INSTRUCTIONS TO FOLLOW: Give the listing again word for word, excluding the pictures it contains.

EXERCISE DATA:
__________

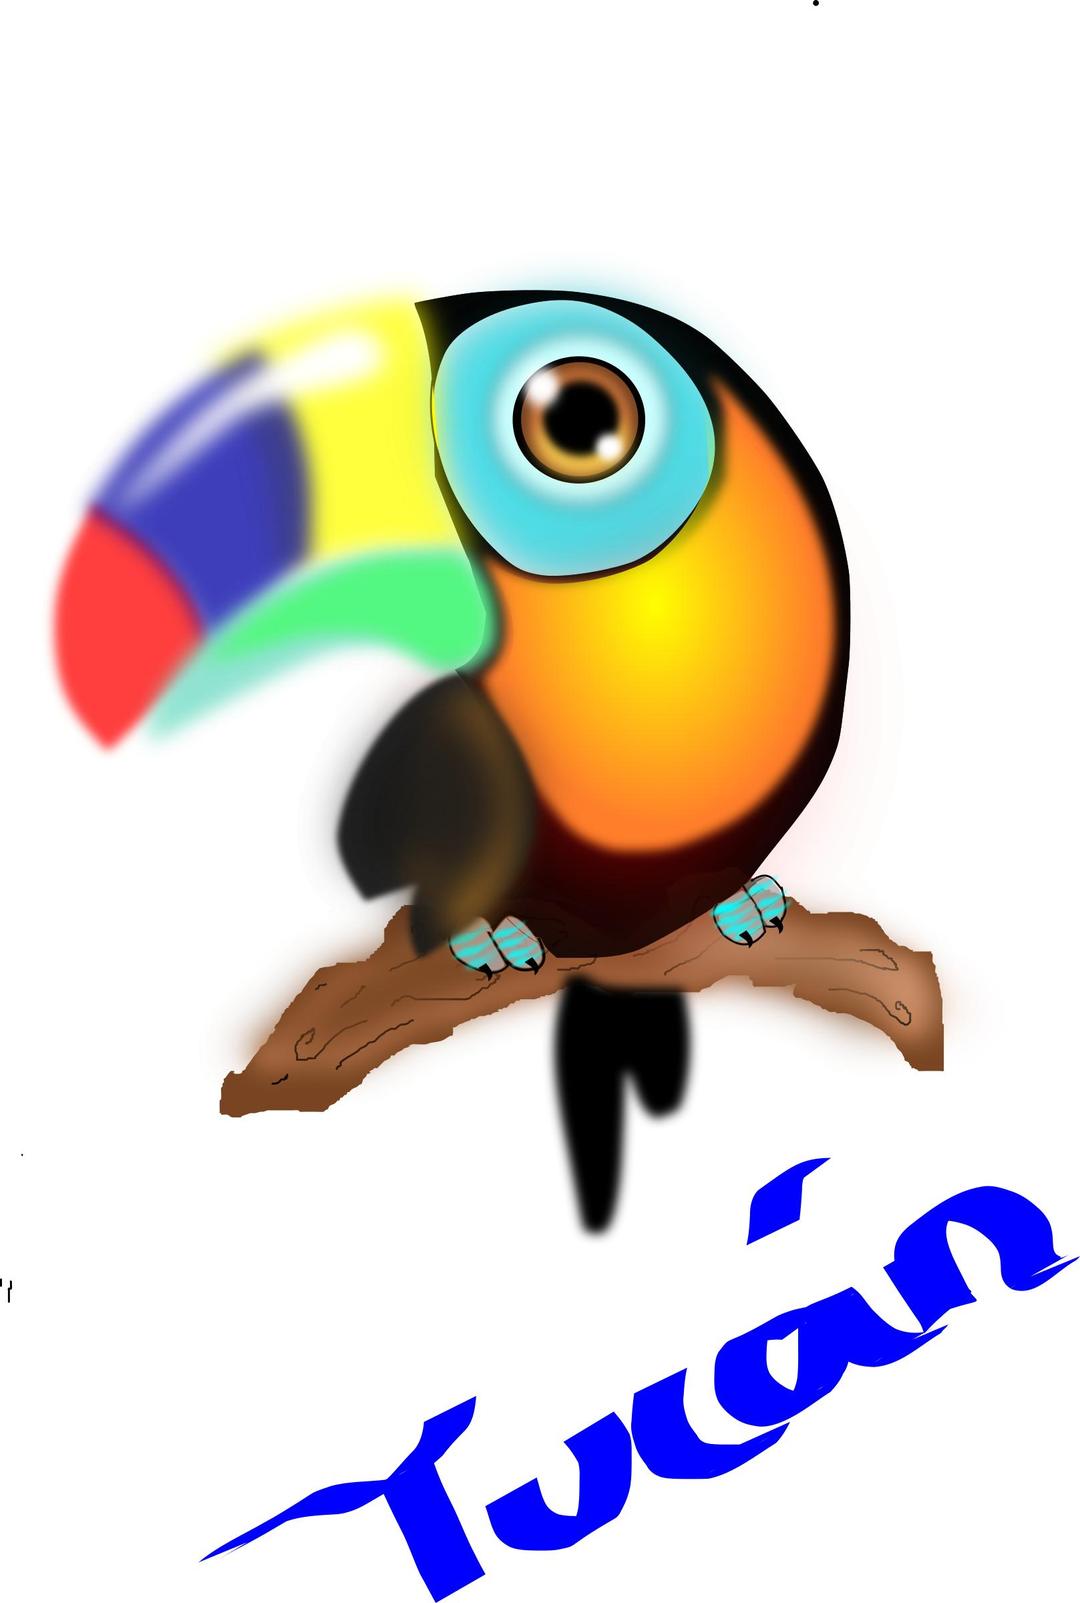 tucan colombiano png transparent
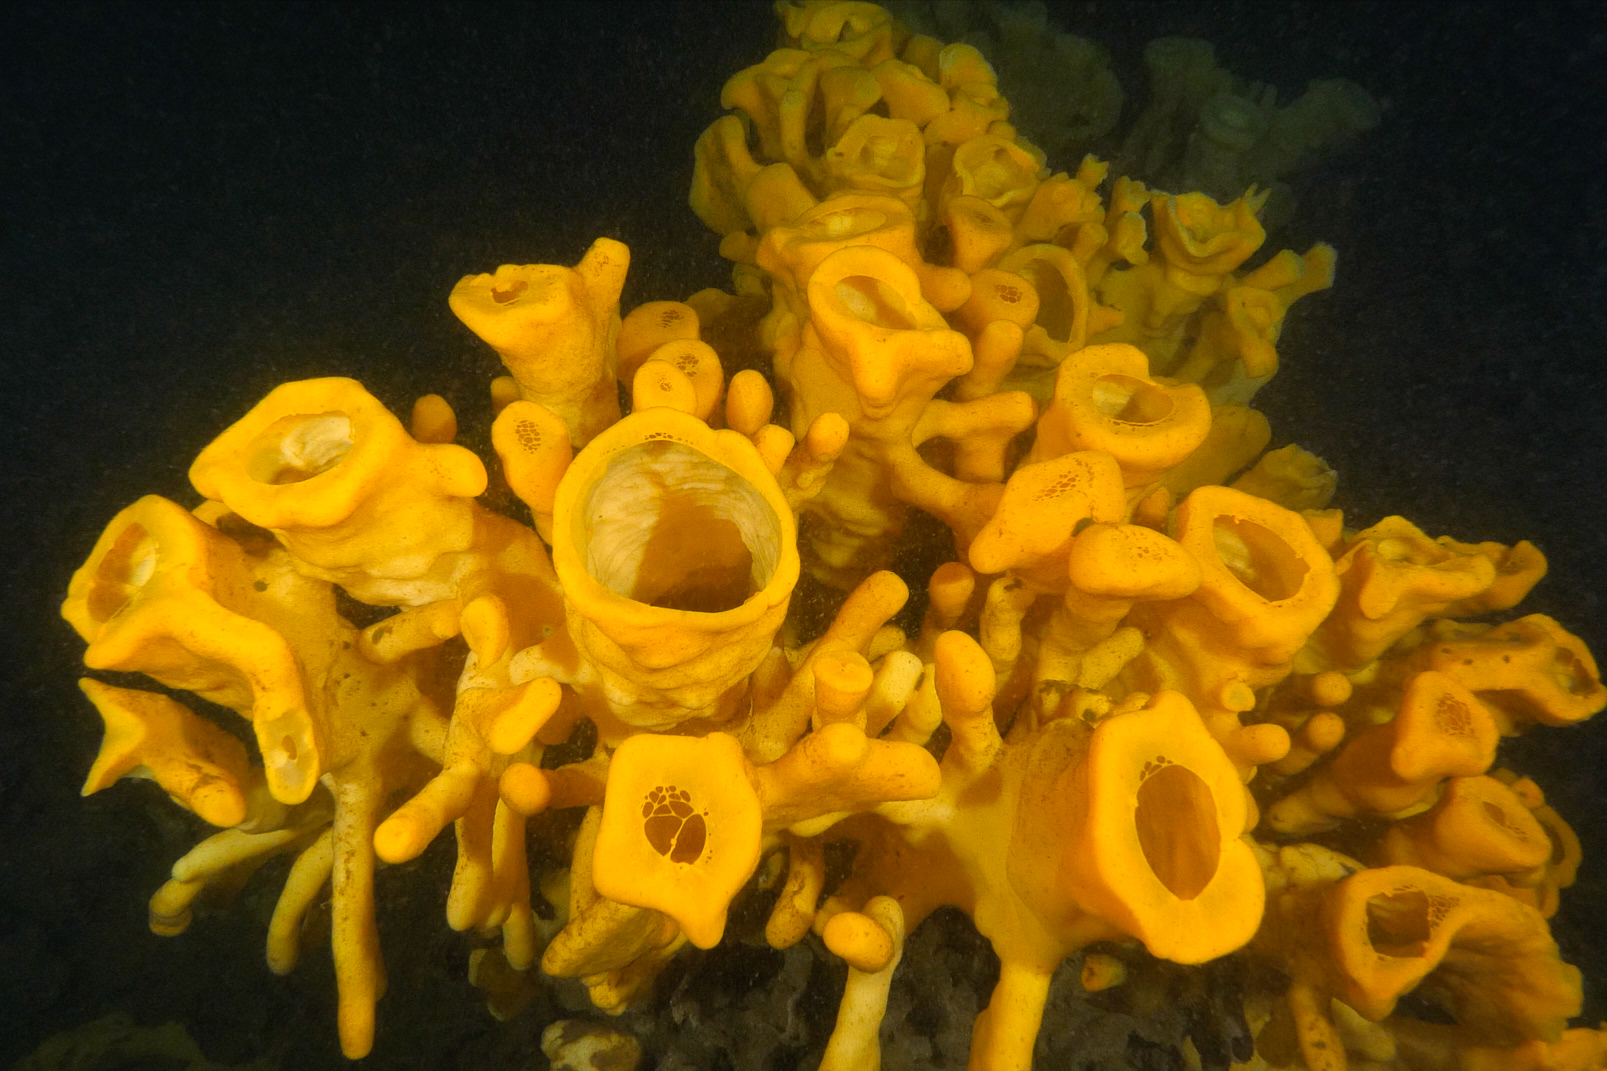 Oceans Wise report recommends implementation of full protection for all of Howe Sound’s glass sponge reefs
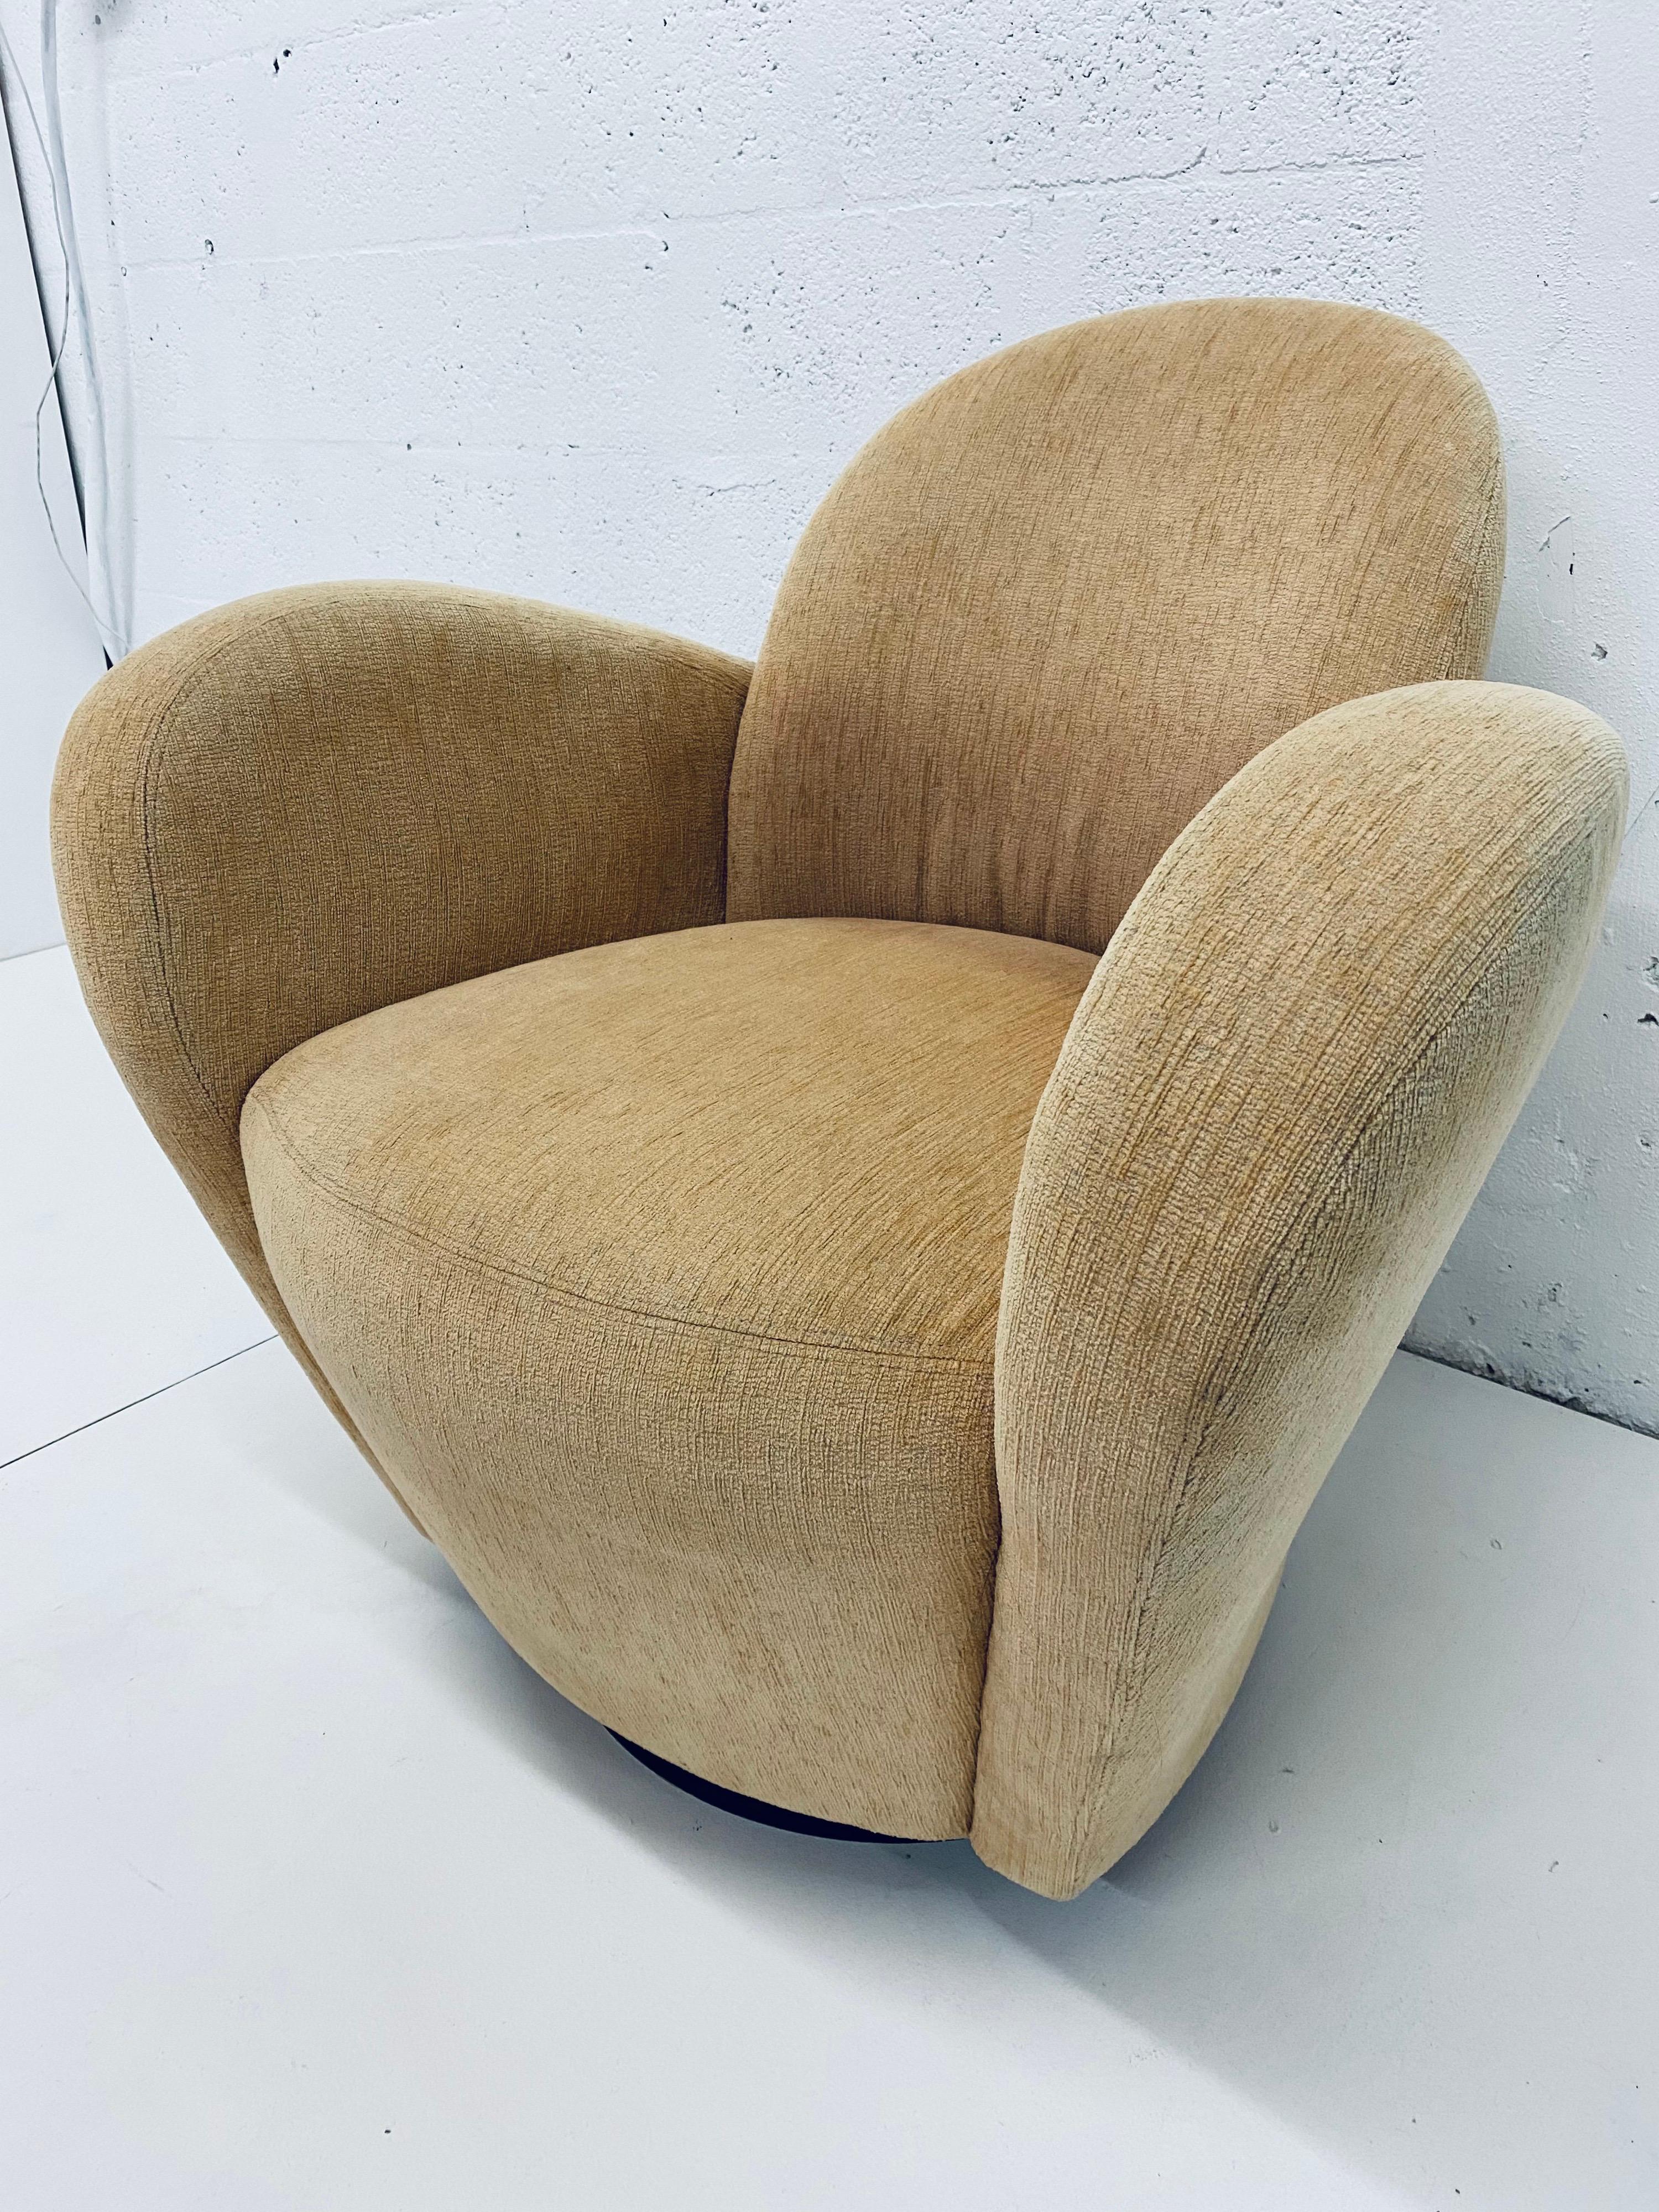 This iconic Michael Wolk designed Miami lounge chair sits on a swivel base and is ready for new upholstery.

While driving through coconut grove, Florida in the early 1980s, Wolk passed an interesting hedge. This hedge quickly became the

__________

OUTPUT OF THE EXERCISE:
 tucan colombiano png transparent
 Oceans Wise report recommends implementation of full protection for all of Howe Sound’s glass sponge reefs
 This iconic Michael Wolk designed Miami lounge chair sits on a swivel base and is ready for new upholstery.

While driving through coconut grove, Florida in the early 1980s, Wolk passed an interesting hedge. This hedge quickly became the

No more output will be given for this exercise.